The golf literature gives significant attention to the technique of putting, kinesthetic feel, equipment level (stroke part of putter) and reading the putting green (initial direction choice) as the key abilities leading to successful putting (Wiren, 1990; Woods, 2001). However, an appropriate stable putting technique is the basis for a successful putt (Hurrion, 2008). Successful and consistent putting is based on a stabilized point of rotation, which allows the golfer to putt from a stable position at initial impact (contact between the head of the putter and the ball). Therefore, the golfer needs a stabilized initial position with a fixed centre of rotation to achieve high repeatability of the putting stroke. Weight transfer between both lower limbs will influence the stability or variability in postural integrity during putting (Hurrion, 2009). Although the putting stroke technique differs among players, there are several stabilizing points (mild knee flexion, hip flexion, marginal elbow flexion) aiming to produce positioning of the eyes directly over the ball (Wiren, 1990) allowing for the stroke to be performed with a pendulum movement with the rotation centre in the middle of the shoulder line. Those parameters are different from other golf swings, where the force impulse during the ball impact is reliant upon upper torso–pelvic separation called X-factor (Cheetham et al., 2001; Chu et al., 2010) and plays a crucial role. Therefore, the golfer with disability may complete the putting stroke more effectively or in a different way than with a full swing, e.g. drive.
Besides descriptive information about putting (Hurrion, 2009), there is a lack of literature about different putting approaches and in particular, about putting in golfers with disability. Therefore, the aim of this study was to compare putting stroke performance, kinetic and kinematic consistency between golfers with different disabilities and healthy athletes. Furthermore, we focused on the comparison of the variability of putting to determine which movement pattern was specific to a particular disability.
The participants consisted of three disabled athletes and three healthy golfers described in Table 1. Their skill level was based on current handicap without evaluating their skills, which is suggested for elite athletes with disability (Beckman et al., 2007). Three male healthy professional golf players were included as a reference group. Informed written consent was provided by each participant and the testing protocol was approved by the local Committee of Ethics in accordance with the ethical standards of the Declaration of Helsinki of 1983.

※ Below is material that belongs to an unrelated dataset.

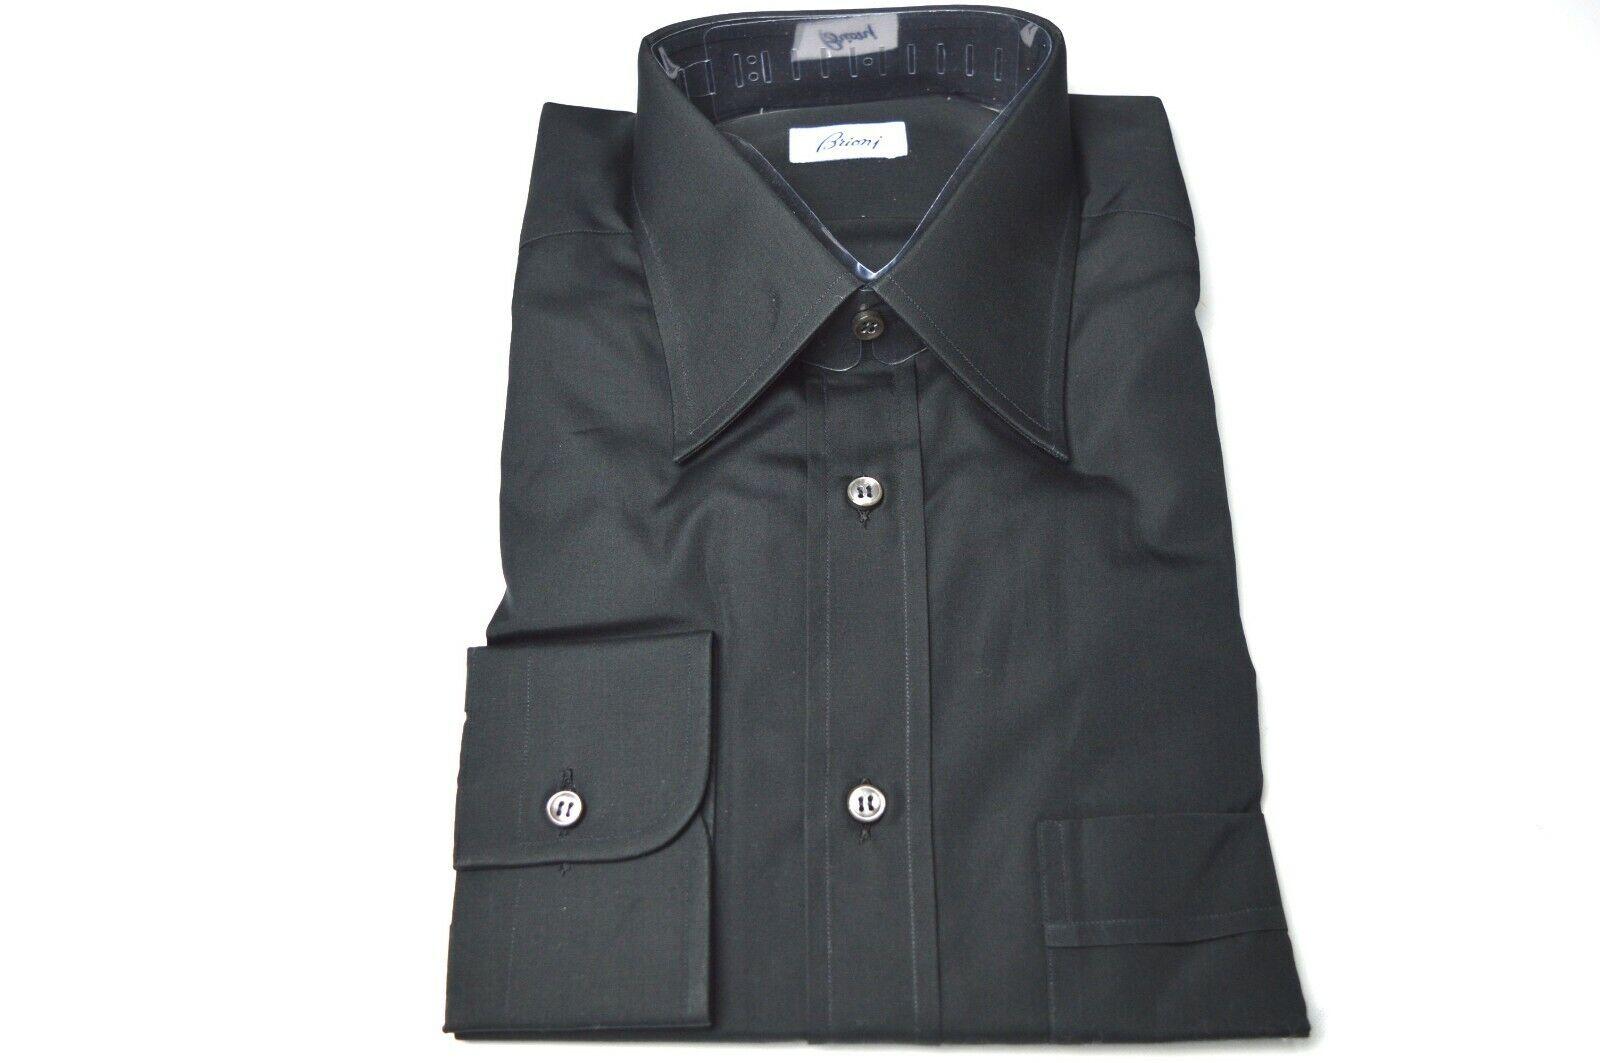 NEW  BRIONI Dress  SHIRT 100% Cotton Size 15 Us 39 Eu  (ARA209)
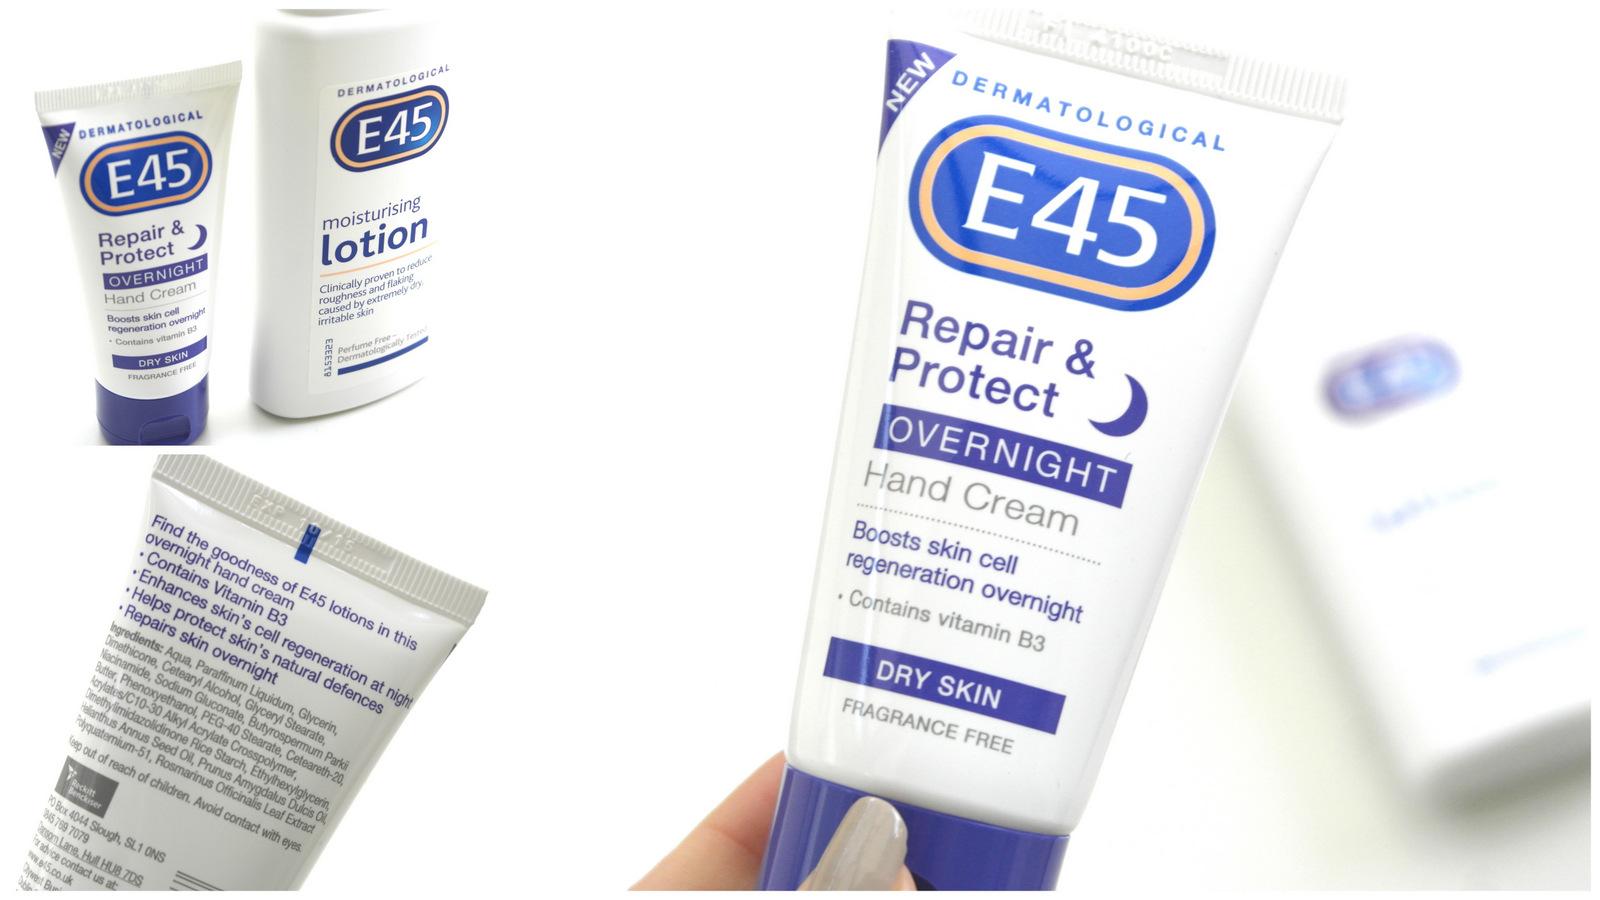 E45 Overnight Hand Cream + Lotion

Participants Characteristics 1 - left arm shortened by 10 cm, no radio ulnar movement on the left side, no movement in the left wrist and only passive movement of the thumb. Paresis of brachial plexus. Balance impairment - positive Romberg test. 2 - using orthosis on the right leg on the golf course, did not use orthosis during testing. All participants were right handed (dominant) playing with the right side golf club.HLT (3) Case 1 Case 2 Case 3 Gender males male male male Age 34. ± 4.5 43 50 37 Body height 178.7 ± 3.3 169 194 188 Body mass 83 ± 6.2 61 105 84 Disability type Non perinatal celebral palsy Multiple sclerosis (MS) Right under knee Characteristics - self and medical reports health Sin. Hemiparesis, more expressed on the left arm.1 Right side movement ability lowered, 2 Prosthesis type - Triton Harmony System Diagnostics length (years) non entire life 17 4 Golf age (years) 15 ± 2.45 6 13 4 HCP 5.4 ± 0.71 10.5 22.3 22.8
The present research consisted of three case studies. The group of healthy golfers (n = 3) and the one consisting of disabled athletes (n = 3; each disabled participant had a different type of disability) performed 10 putting strokes in a cross-sectional design in the laboratory environment. The warm-up procedure included individual trials of putting swings for 10 minutes. Then dynamic stretching and 10 putting trials were completed. After the warm up, 3D markers were attached to the body of participants and they performed 10 putting strokes, which was the same for each player; putting stroke variables were measured by the active marker on the clubhead. A 60 s interval was allowed between trials during which time the participants renewed their initial position; strong encouragement was provided throughout testing (Hamalainen, 2016; Schücker et al., 2013). All testing was performed in the laboratory environment on an artificial green, because there are no significant biomechanical differences between the practice and competition trials besides the golf swing (Croix and Nute, 2008). The players were instructed to putt directly to the hole with a standard golf ball (Titleist ProV1). During trials, participants stood with each leg on a separate force plate.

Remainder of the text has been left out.